我有两个数组，其中包含点坐标为shapely.geometry.Point，大小不同。

例如：

[Point(X Y), Point(X Y)...]
[Point(X Y), Point(X Y)...]

我想用距离函数创建这两个数组的“叉积”。距离函数来自shape.geometry，这是一种简单的几何矢量距离计算。我正在尝试在M：N点之间创建距离矩阵：

现在我具有此功能：

    source = gpd.read_file(source)
    near = gpd.read_file(near)

    source_list = source.geometry.values.tolist()
    near_list = near.geometry.values.tolist()

    array = np.empty((len(source.ID_SOURCE), len(near.ID_NEAR)))

    for index_source, item_source in enumerate(source_list):
        for index_near, item_near in enumerate(near_list):
            array[index_source, index_near] = item_source.distance(item_near)

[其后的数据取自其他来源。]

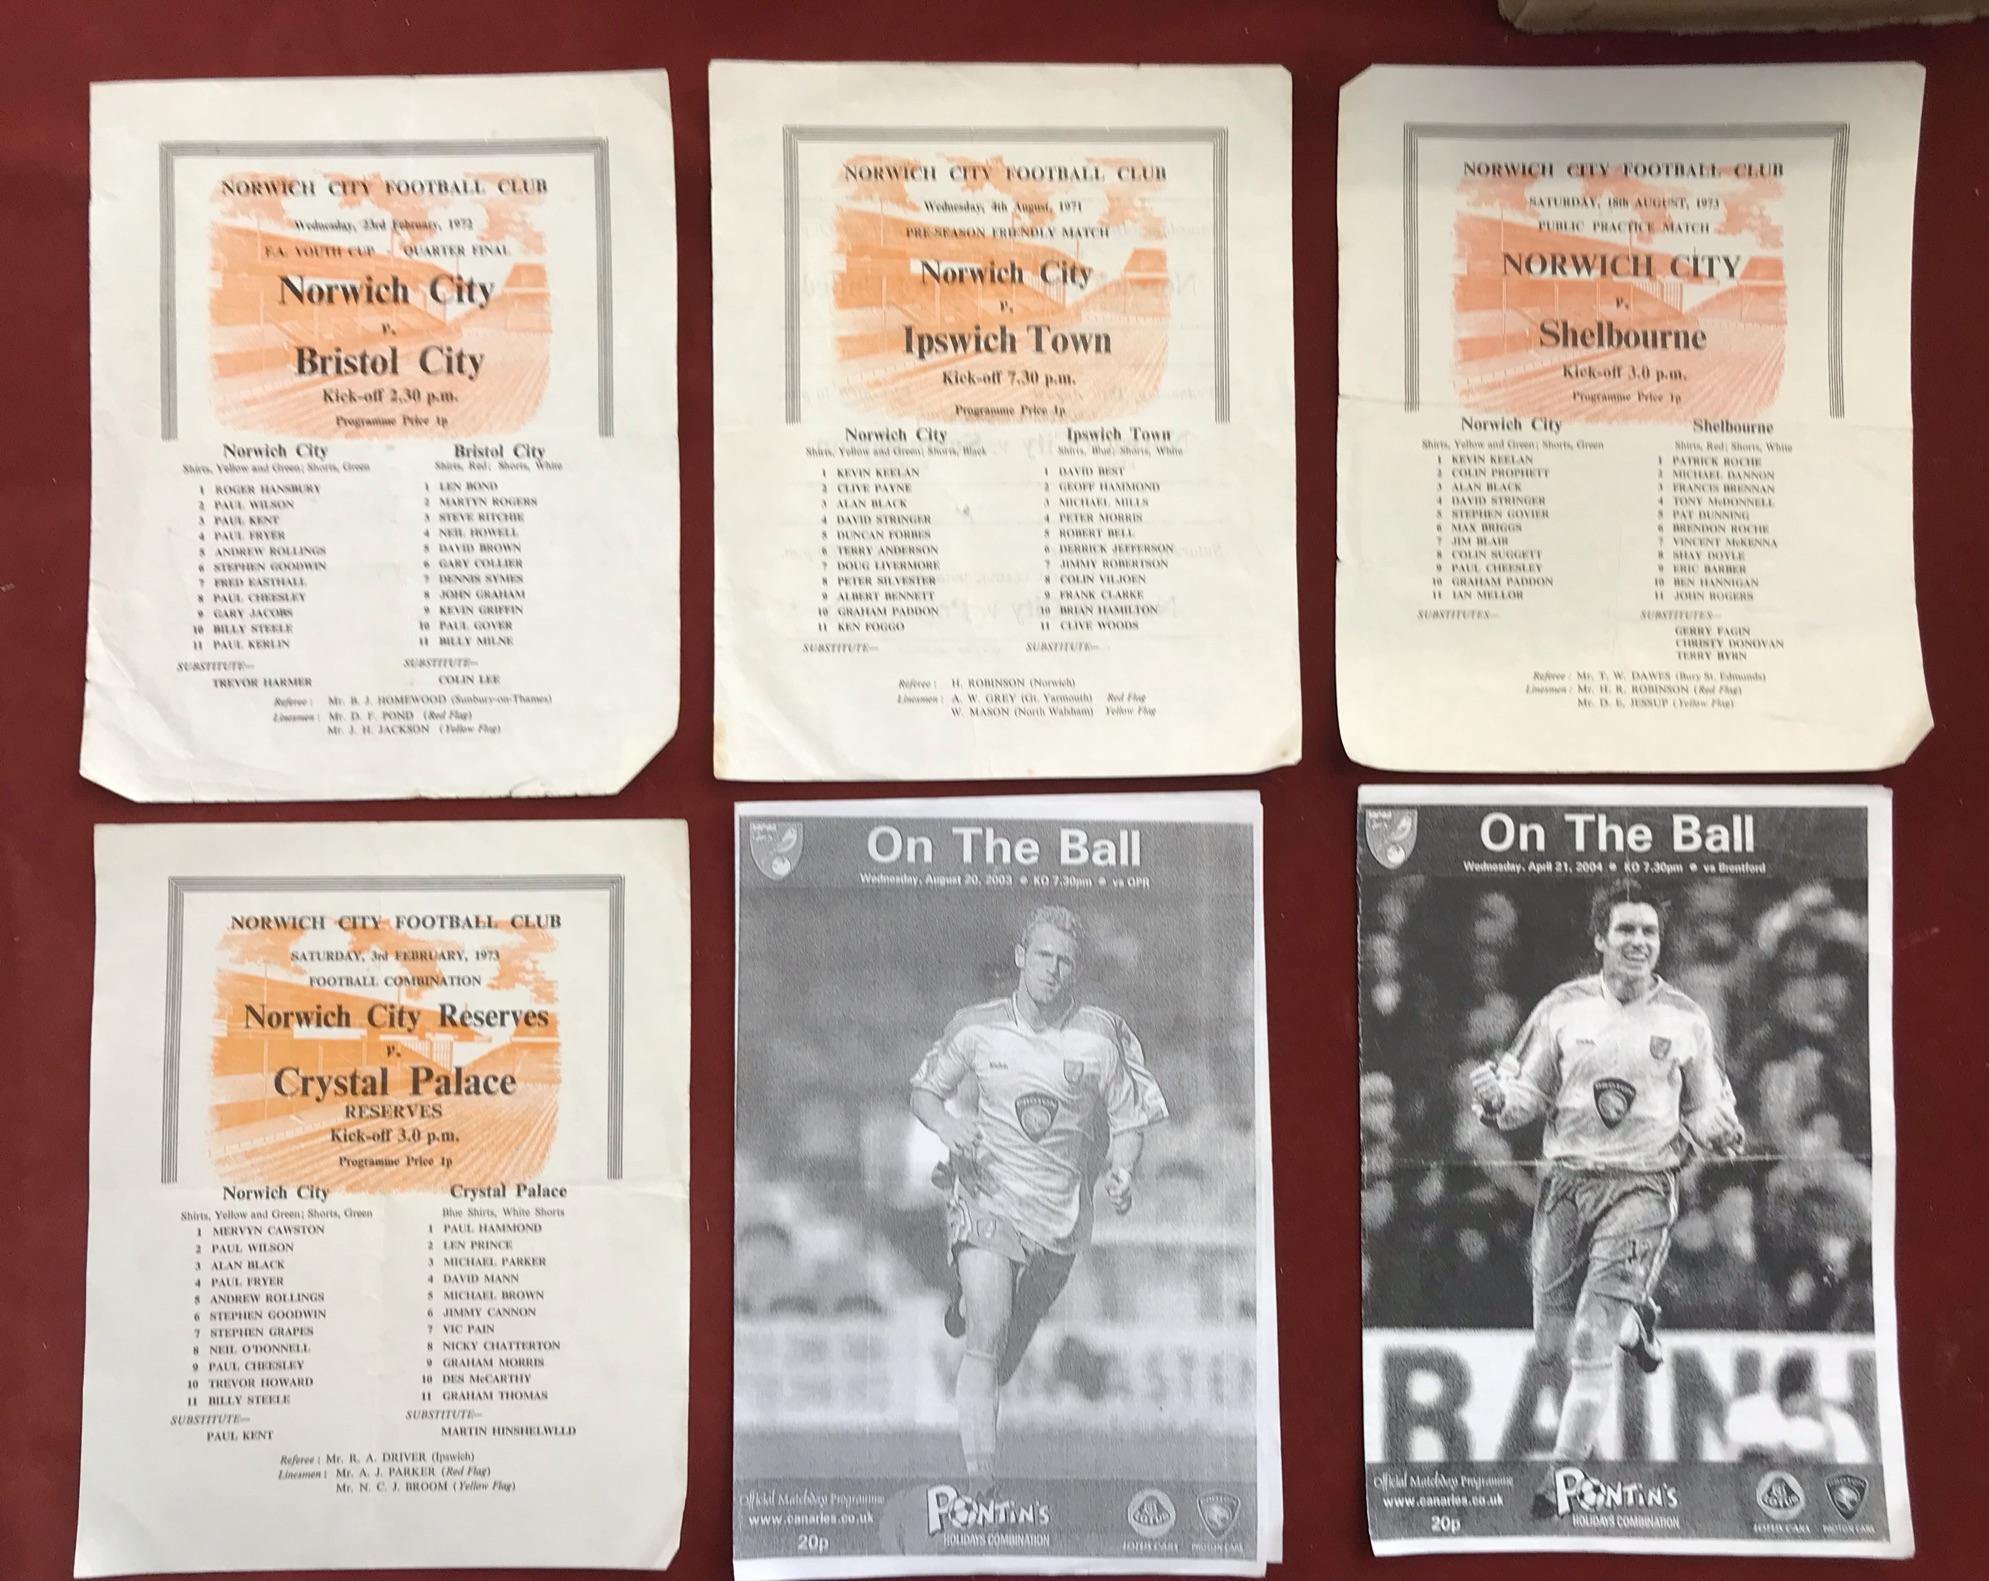 Norwich City Reserves 1971-73 - Chelsea Reserves 9 Dec 1972. Chelsea Reserves v Arsenal Reserves - Image 3 of 4

    df_matrix = pd.DataFrame(array, index=source.ID_SOURCE, columns = near.ID_NEAR)

这可以很好地完成工作，但是速度很慢。 4000 x 4000点大约是100秒（我的数据集要大得多，所以速度是主要问题）。我想尽可能避免这种双重循环。我试图在Pandas数据框中这样做（速度太快了）：

for index_source, item_source in source.iterrows():
         for index_near, item_near in near.iterrows():
             df_matrix.at[index_source, index_near] = item_source.geometry.distance(item_near.geometry)

速度更快（但仍然比numpy慢4倍）：

    for index_source, item_source in enumerate(source_list):
        for index_near, item_near in enumerate(near_list):
             df_matrix.at[index_source, index_near] = item_source.distance(item_near)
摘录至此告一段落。